FIG. 7 is a diagram showing a state in which prepreg of a composite material is wound in a conventional method of molding a composite material.

FIG. 8 is a diagram illustrating a state in which a tape is wound around a wrapped prepreg of a composite material in a conventional method for molding a composite material.

FIG. 9 is a diagram showing another example of a conventional method for molding a composite material.

FIG. 10 is a diagram showing still another example of a conventional method for molding a composite material.

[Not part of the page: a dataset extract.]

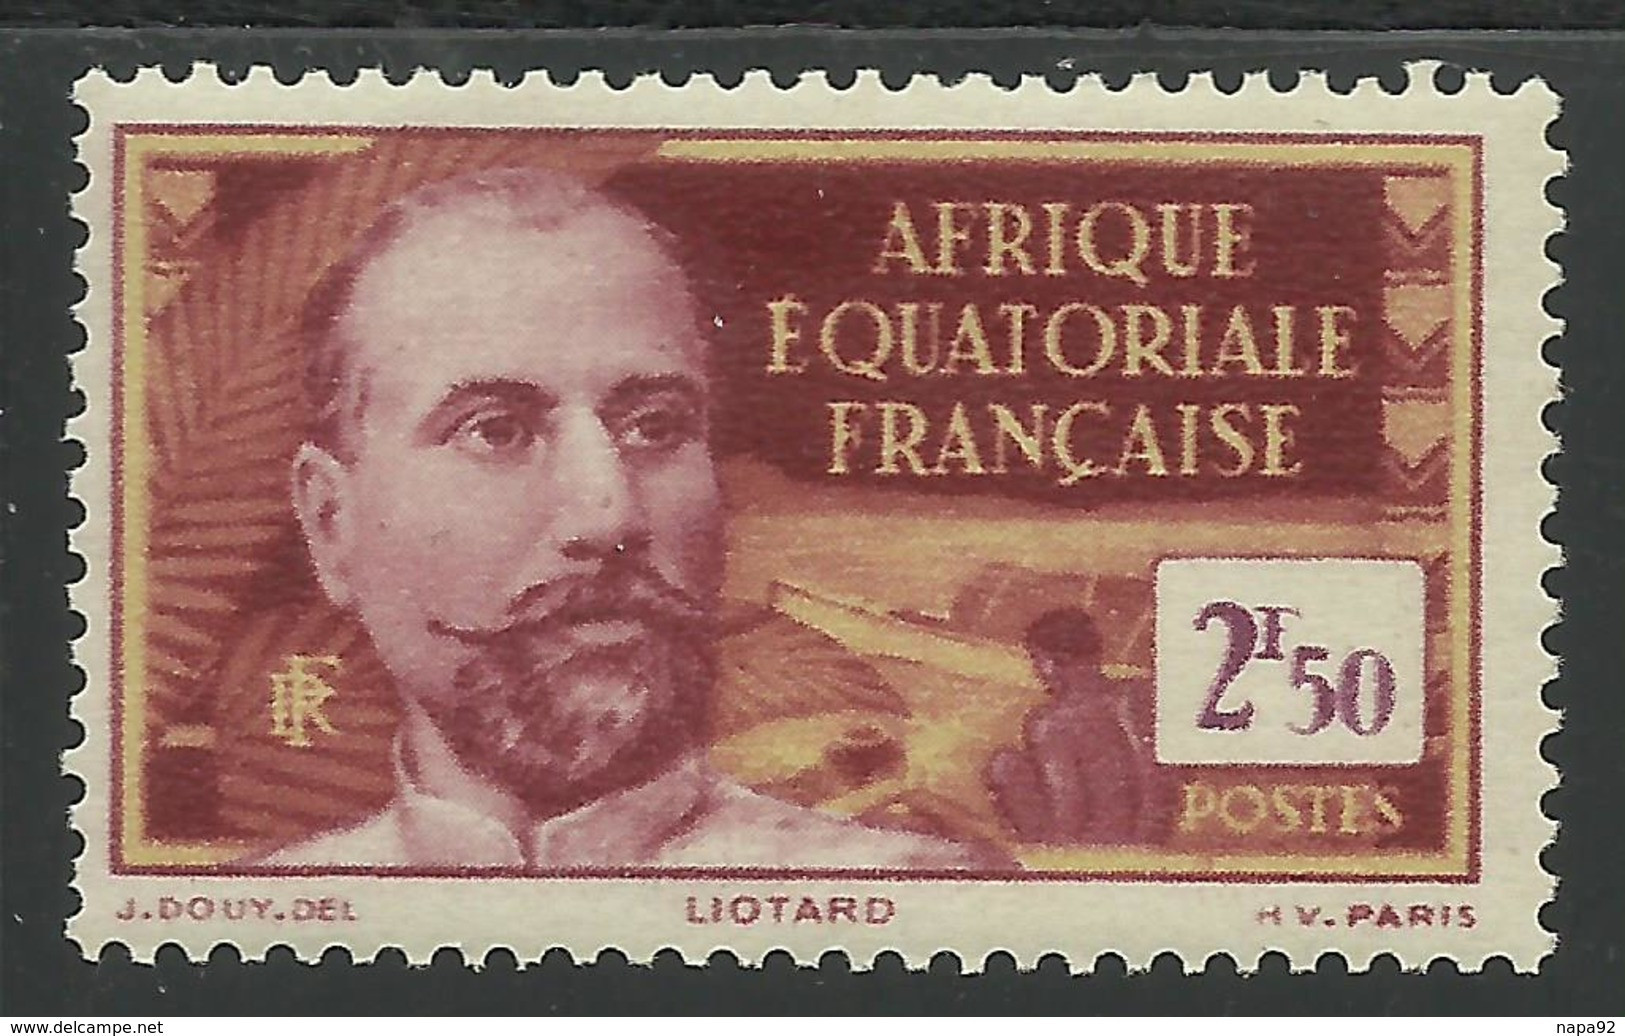 AFRIQUE EQUATORIALE FRANCAISE - AEF - A.E.F. - 1939 - YT 86** - MNH - Ungebraucht

FIG. 11 is a perspective view of a hollow composite part molded by a conventional composite molding method.

[Explanation of symbols]

1. Cylindrical mandrel 2 Composite prepreg layer 3. Breathable sheet 4 Vacuum back film

Claims (1)

[Claims] Claim 1: Composite prepregs are laminated on a cylindrical mandrel made of a shape memory alloy that changes with temperature, the laminated composite prepregs are covered with a breathable sheet, and a vacuum backing film is placed on the breathable sheet. The cylindrical mandrel is heated at a temperature lower than the melting temperature of the resin of the composite material prepreg to expand the cylindrical mandrel by the amount of displacement memorized by the shape memory alloy, and then the composite layer laminated on the cylindrical mandrel is A method for forming composite materials, which is characterized by pressurizing, heating, and curing prepreg material to form the material.